Sallach-Ruma Rory, Nieman Jennifer, Sankaranarayanan Jayashri, Reardon Tom
Department of Pharmacy Practice, College of Pharmacy, University of Nebraska Medical Center, Omaha, NE, USA.
Pharmacy Relations & Clinical Decision Support, The Nebraska Medical Center, Omaha, NE, USA.
J Pharm Pract. 2015 Jun;28(3):238-48. doi: 10.1177/0897190013516367. Epub 2014 Jan 7.

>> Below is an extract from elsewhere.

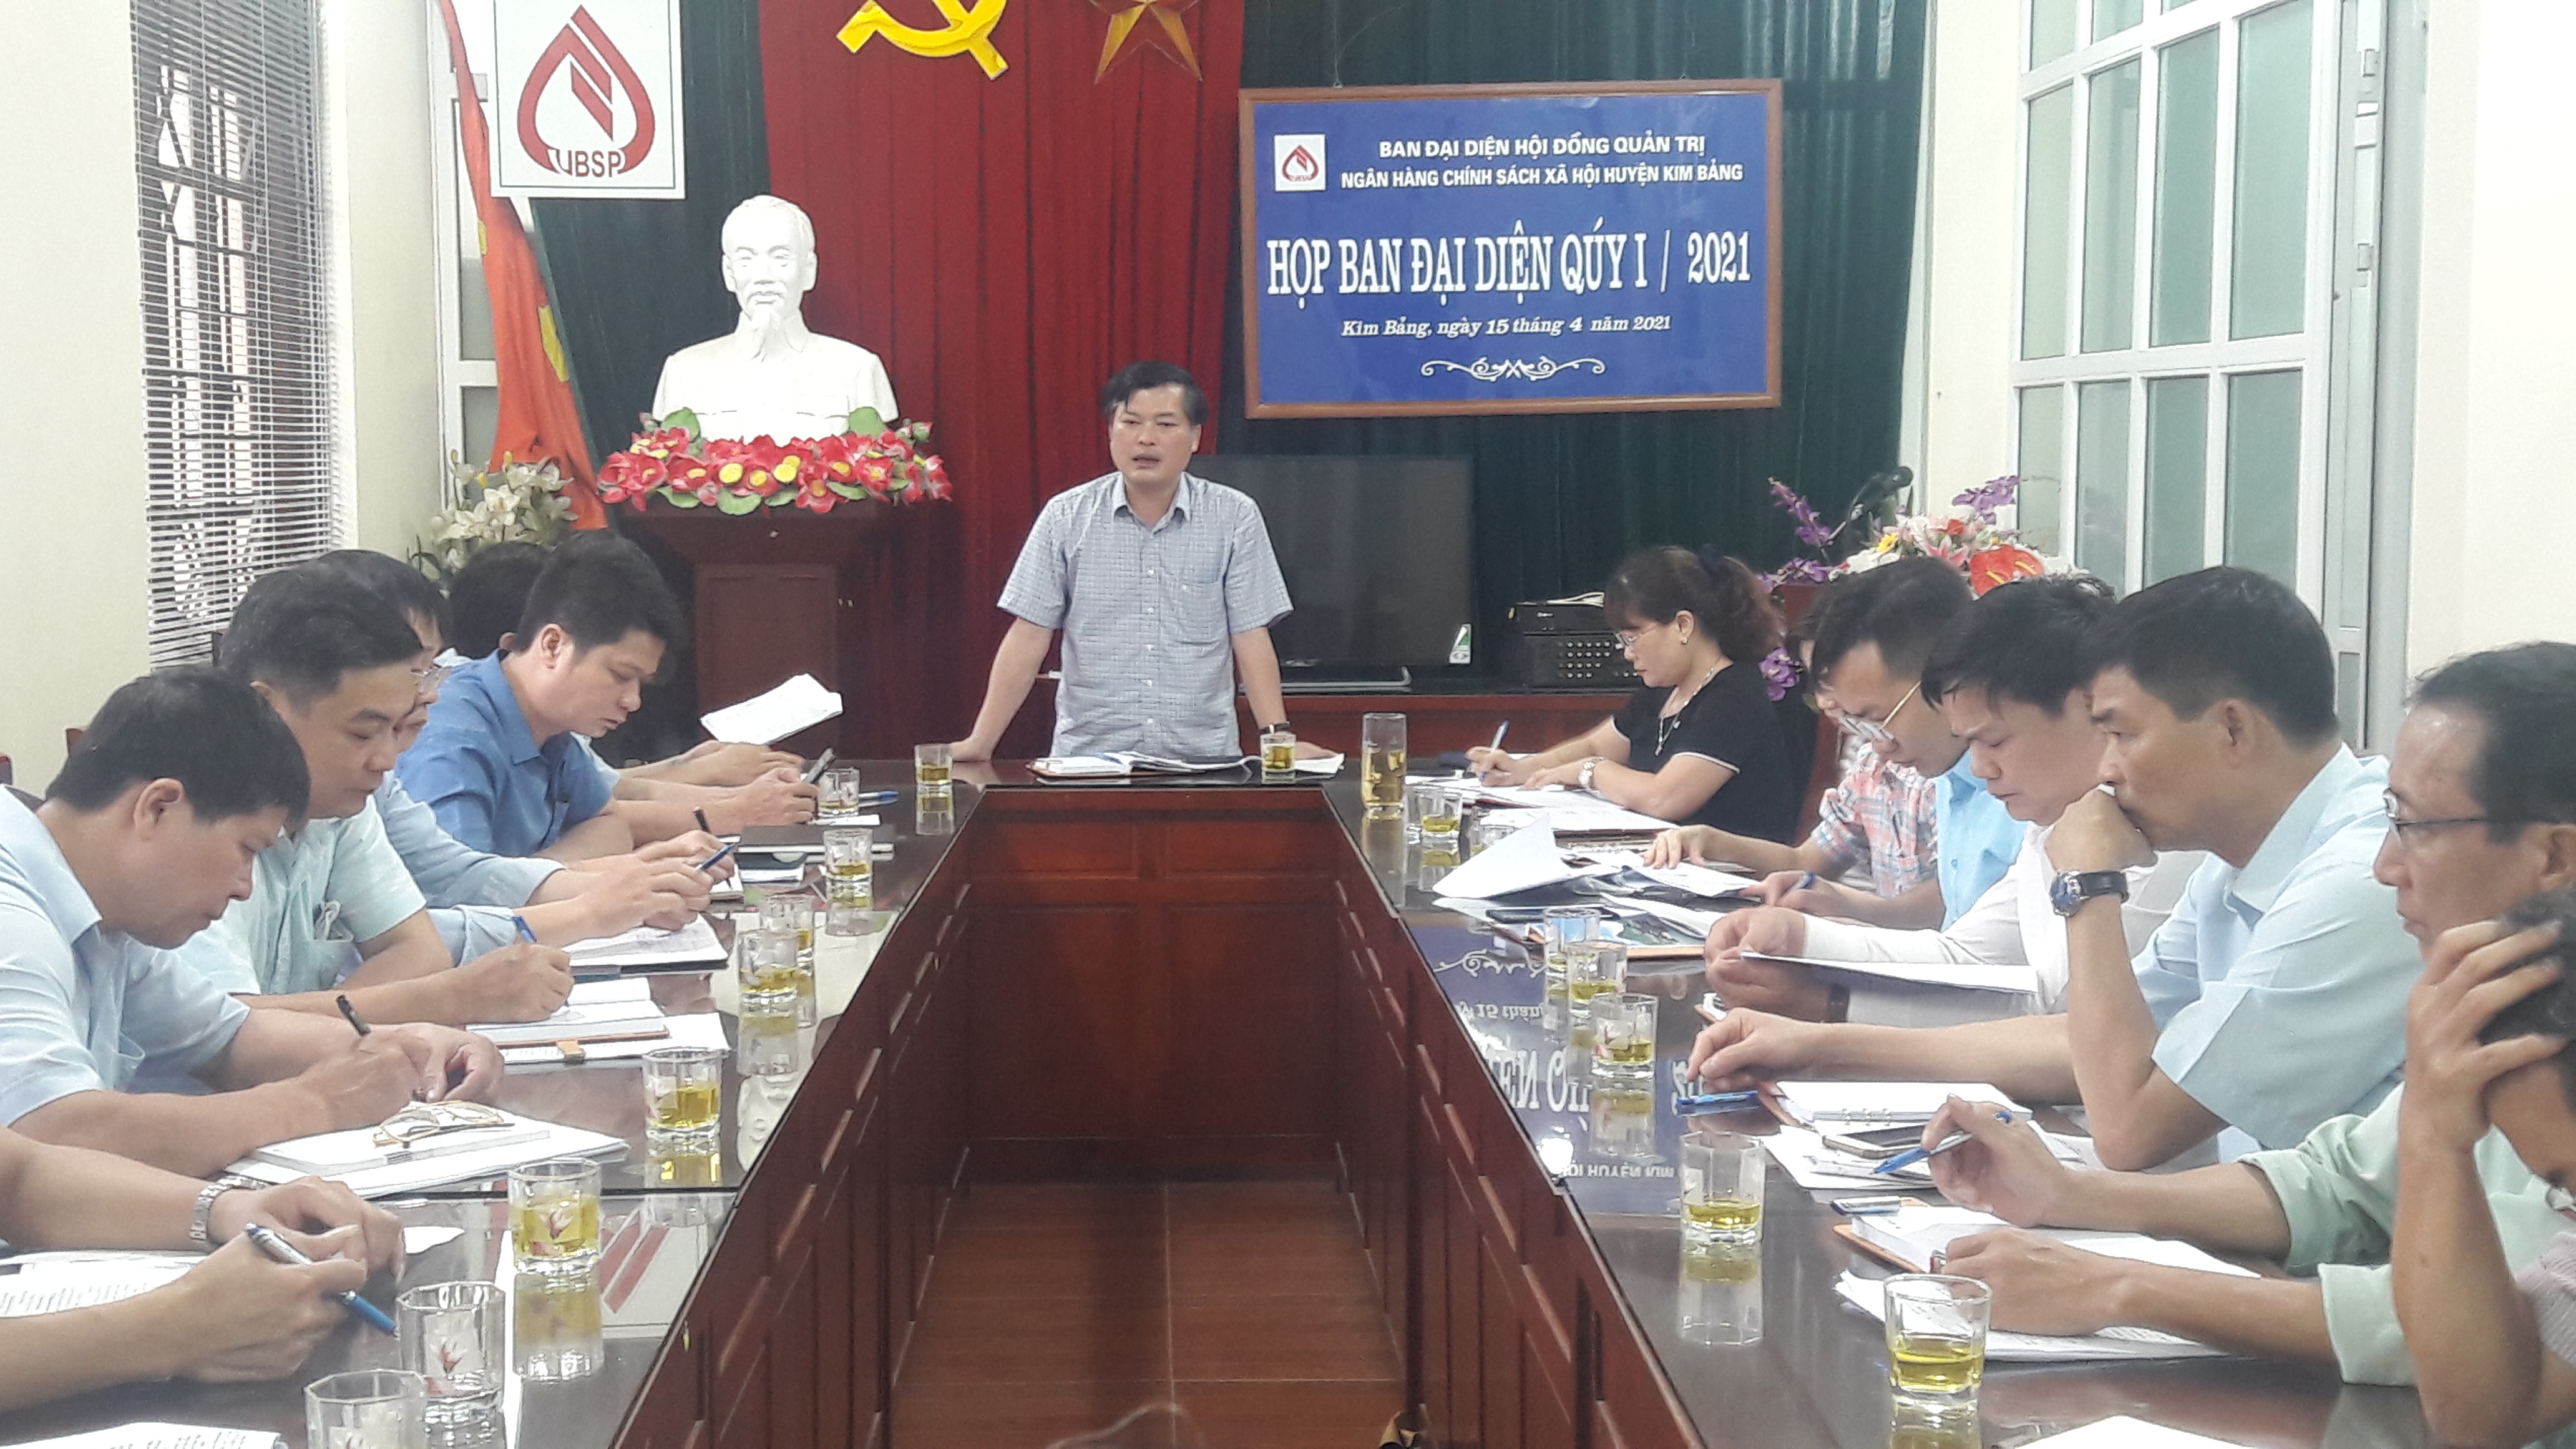 Đồng chí Nguyễn Hồng Sơn, phó chủ tịch UBND huyện phát biểu chỉ đạo hội nghị.jpg

The study objectives were to evaluate the correlates and outcomes of a parenteral (IV) to oral (PO) antimicrobial conversion program at a Midwest US Academic Medical Center with the hypothesis that it will be associated with reduced drug costs. Patient-level data (n = 237; sex, race, admission source, admission status, admission severity, risk of mortality [relative expected, admission], and early death) were extracted from the Clinical Data Base/Resource Manager. Medication-level, drug-encounter data (n = 317; antibiotic/dose/route/frequency/duration, conversion status, 10-day IV/PO switch-eligibility criteria) were extracted from patient's hospital medical records. Univariate analyses using chi-square or Fisher's exact test for categorical variables and Wilcoxon rank-sum test for continuous variables showed patients not converted (n = 149) versus converted (n = 88) at some point from IV to PO were more likely to be of white race and had higher risk of relative expected mortality. By applying the unit drug cost (derived from 2010 Thomson Reuters RED BOOK(TM)) and labor costs for IV/PO administration, both per dose, the overall 1-month drug cost-saving estimates in 2010 in US dollars were US$5242 from converting and US$8805 savings missed from not converting 518 and 1387 switch-eligible antibiotic doses, respectively. Despite sample-size limitations, this study demonstrated correlates and missed opportunities to convert antimicrobials from IV to PO, which warrants providers' attention.
本研究的目的是评估美国中西部一家学术医疗中心的肠外(静脉注射)至口服抗菌药物转换项目的相关因素及结果,假设该项目将与降低药物成本相关。从临床数据库/资源管理器中提取了患者层面的数据(n = 237;性别、种族、入院来源、入院状态、入院严重程度、死亡风险[相对预期、入院时]和早期死亡情况)。从患者的医院病历中提取了药物层面的药物使用数据(n = 317;抗生素/剂量/给药途径/频率/持续时间、转换状态、10天静脉注射/口服转换资格标准)。对分类变量使用卡方检验或费舍尔精确检验,对连续变量使用威尔科克森秩和检验进行单因素分析,结果显示,在某个时间点未从静脉注射转换为口服的患者(n = 149)与已转换的患者(n = 88)相比,更可能为白人,且相对预期死亡率更高。通过应用单位药物成本(源自2010年汤森路透红色手册(TM))以及静脉注射/口服给药的劳动力成本(均为每剂),2010年因转换而节省的1个月药物总成本估计为5242美元,因未转换518剂和1387剂符合转换条件的抗生素剂量而错失的节省金额分别为8805美元。尽管存在样本量限制,但本研究证明了抗菌药物从静脉注射转换为口服的相关因素及错失的机会,值得医疗服务提供者关注。